Been toying withthe idea of buying a smallish drive, 30-60Gb, running the OS and a few key programs only. Read loads of reviews which all say how much quicker the system is but also how some of the drives are very unreliable and many take a fair bit of setting up.
I've been using Asus eeePC netbooks for three years now, both of which use SSD drives. Honestly, I don't understand the plethora of netbooks that saturated the market with regular platter hard drives. Makes no sense beyond the manufacturer making more money from customers that are unaware of the advantages.
Some SSDs (particularly the cheap end of the market) are quite slow and can be slower than a hard drive. The ones that are better/faster tend to be more expensive.
As an example, some of the early/cheap netbooks came with dead-slow SSDs that effectively cripple the system - this included some Dell models. Later ones improved on this. My own experience of this comes from my first netbook that came with two SSDs. A small primary "fast" SSD and a larger but slower secondary SSD - because it would have been too expensive to use a large "fast" SSD at that time. My second netbook, which is the same model but newer, has a single "fast" SSD and it feels significantly faster (not that the previous machine felt lethargic or anything).

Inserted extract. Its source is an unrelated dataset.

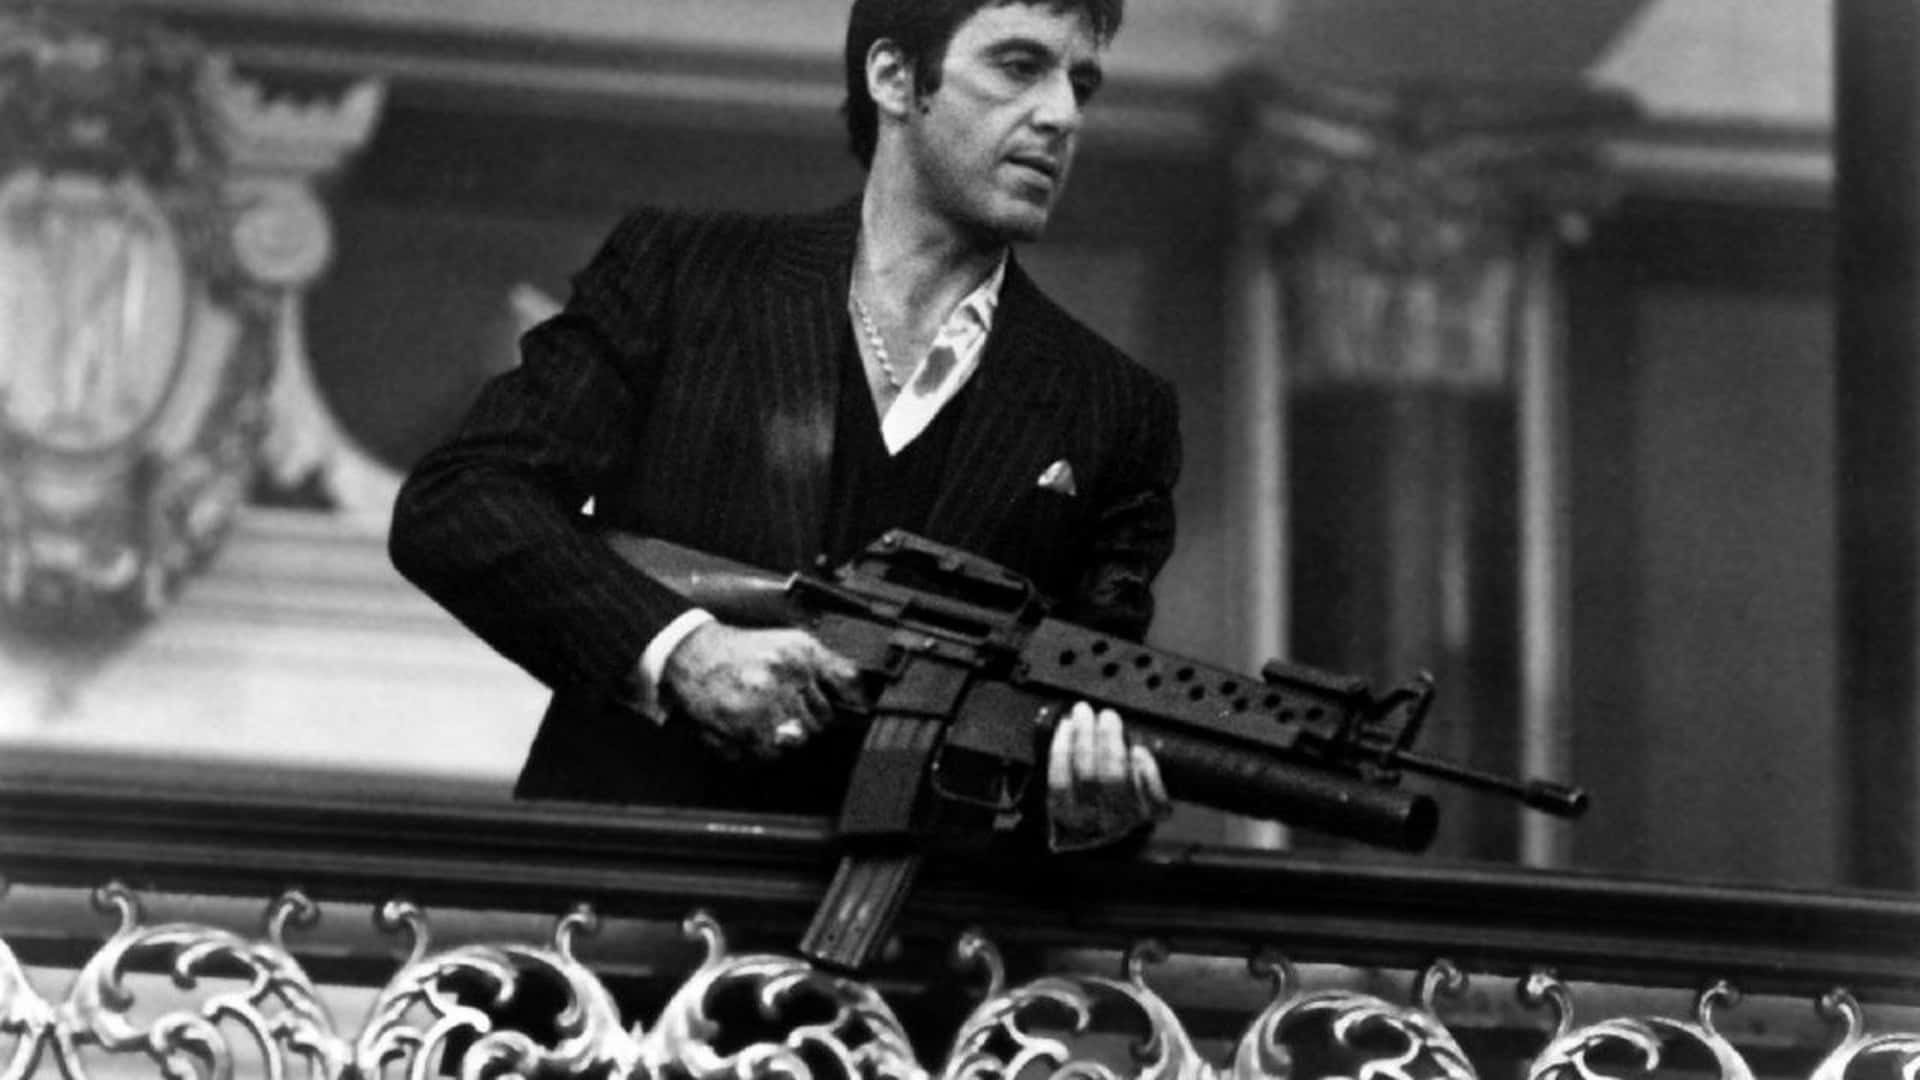 Al Pacino as Tony Montana in Scarface (1983)

If you're buying one to replace your main drive, you'd better look into the speeds and benefits. Some SSDs that are intended to be USB hard drives won't be particularly fast because they don't have to be (USB2 doesn't capitalise on the speed available to faster drives).
I like SSDs because they reduce the number of moving parts in the computer and I've had no problems with any unreliability or setting up. They just behave like chip-based hard drives, that's all, but then mine came pre-installed. It just annoys me that you can't buy any "real" netbooks these days - they've all got larger, more bloated, and use platter hard drives, all of which is the complete antithesis of the original netbook concept.
I've been following the development of these 'slates' since April. The forum is very active and the 'inventor' (Username:EXOPC Location:CanadaOccupation:Chairman & CTO of EXOPC) is always at hand to answer questions and accept development ideas. It's become a rather 'open source' device.
Oh, I didn't realise it wasn't widely available yet. I Googled for it and found some review sites with "hands on reviews" from way back in May, so I thought it was more prolific.
The price is a little steep for my tastes (my last netbook was £180 - which shows you what a skinflint I am). US$699 for what appears to be a tablet with netbook inners kind of puts me off. If it was half that price, I'd be in there with far less hesitation.
This was the drive I looked at but having read reviews the reliability comes into question. Also, the read/write speeds are supposed to only be possible during benchmark tests, not in day to day work.